Como exemplo do entendimento do governo federal em relação ao risco de tráfego, o item 20 do contrato de concessão entre a União e a Concessionária Rio-Teresópolis esclarece que “a

concessionária assume, integralmente, o risco de trânsito inerente à exploração da rodovia, incluindo-se neste o risco de redução do volume de trânsito, inclusive em decorrência da transferência de trânsito para outras rodovias existentes.” (BRASIL, 1995). O mesmo

entendimento é explicitado nos contratos de concessões estaduais, como no programa paulista, que determina que “variações de receita decorrentes de alterações da demanda de tráfego em relação

ao previsto no plano de negócios não serão consideradas para efeito do equilíbrio econômico- financeiro, sendo considerado risco exclusivo da concessionária a correta avaliação do possível impacto sobre a exploração do sistema rodoviária decorrente da evolução futura dessa demanda.”

(SÃO PAULO, 1998)

Ainda nos contratos de concessões rodoviárias paulistas, é definido que a concessionária assume os riscos de redução do tráfego em relação às projeções consideradas na proposta, exceto em casos em que esta redução resulte de ato unilateral do poder concedente (SÃO PAULO, 1998). Sobre essa questão, Azevedo e Alencar (1998) são enfáticos, ao afirmar que estudos de previsão de demanda mal feitos, além da operação do serviço com negligência e inoperância, são de responsabilidade intransferível da concessionária, não servindo de motivação para solicitação de reequilíbrio da equação financeira inicial.

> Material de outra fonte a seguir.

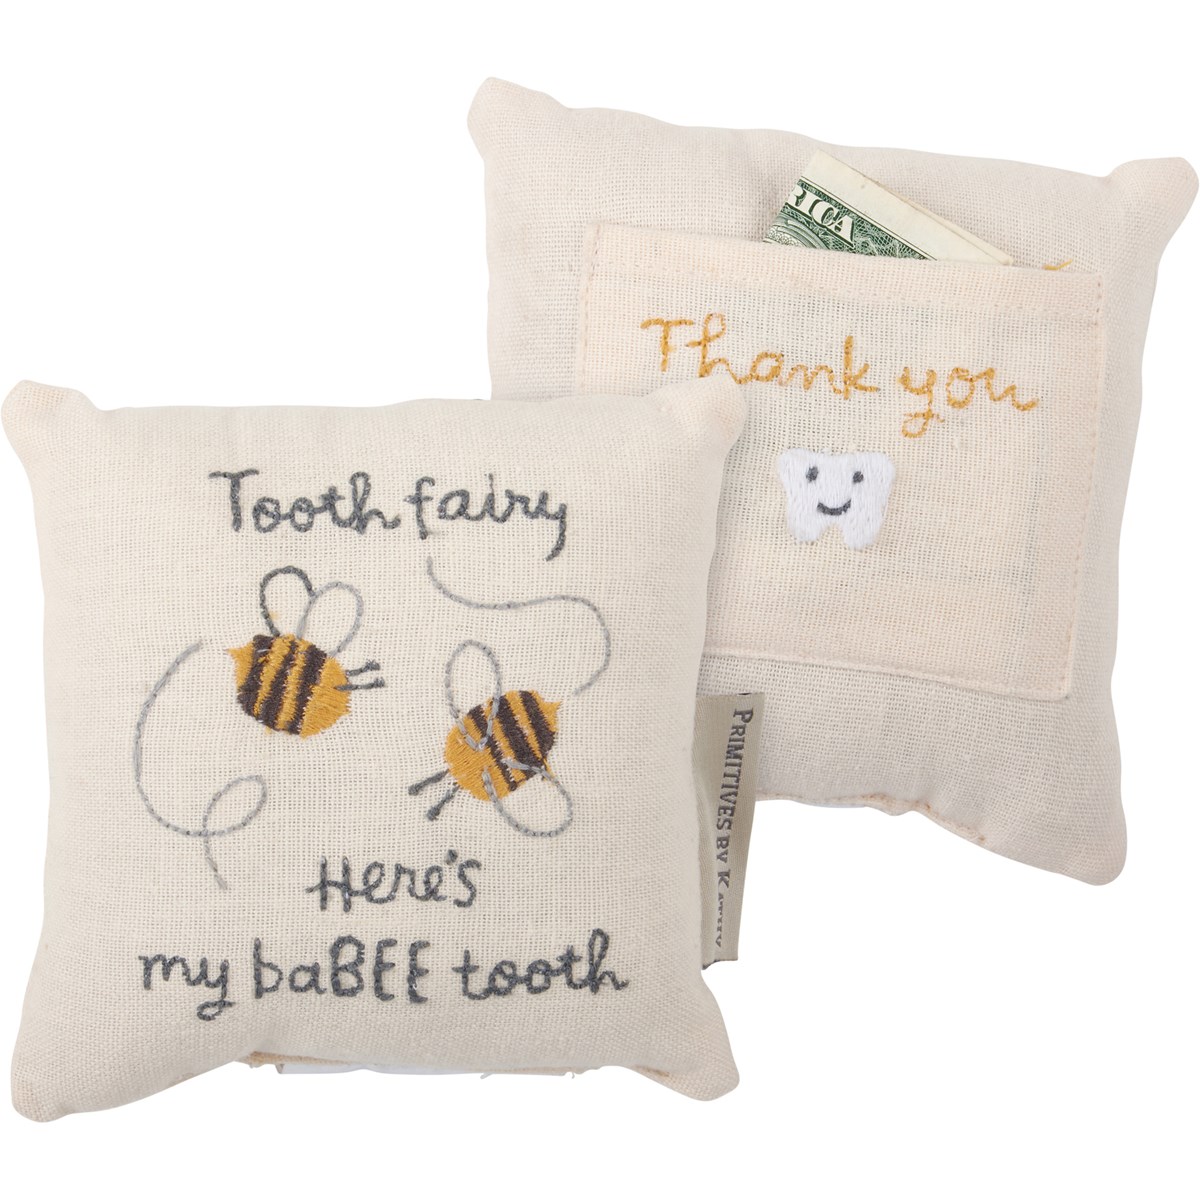 Pillow - Dear Tooth Fairy My Babee Tooth - 5" x 5", Pocket: 3.50" x 2.75" - Cotton, Linen

Como exemplo do posicionamento do governo federal em sua primeira rodada de concessões rodoviárias, o Edital da Concessão da Rodovia NovaDutra também aborda diretamente essa questão. Nele, foi determinado um valor máximo de tráfego que poderia ser considerado pelos

41 licitantes em suas propostas de tarifa. Para a comissão, o volume adotado pela empresa licitante serviria exclusivamente para análise das propostas, e qualquer desvio, para mais ou para menos, não implicaria em revisão tarifária, por ser o risco de trânsito integralmente da concessionária.

Evidentemente, entre a alocação fria dos riscos ao parceiro privado determinada pelas cláusulas contratuais, e os impactos efetivamente sentidos pela concessionária em seu fluxo de caixa, existe a possibilidade real de não cumprimento das obrigações previstas por insuficiência de receitas devido ao tráfego inferior ao previsto. Ainda que não se dê direito ao reequilíbrio tarifário, a concessionária pode de fato encontrar-se em situação de desproporção entre receitas e obrigações, o que serve de princípio para o equilíbrio, além de fomentar o risco de interrupção do serviço. Em tais situações, a concessionária exerce pressão sob o ente regulador. Vasconcelos (2004) aponta que, contrariando o dispositivo legal e contratual, o ente regulador autoriza a mitigação do risco de tráfego assumido pelas concessionárias mediante alteração da tarifa de pedágio.

Outras medidas citadas por Vasconcelos (2004) para mitigação do risco de tráfego das concessionárias da primeira rodada de concessões federais foram a instalação de bloqueios em pontos de saída das estradas e realocação, desmembramento ou criação de novas praças de pedágio. Por fim, as modificações nas obrigações do cronograma de obras.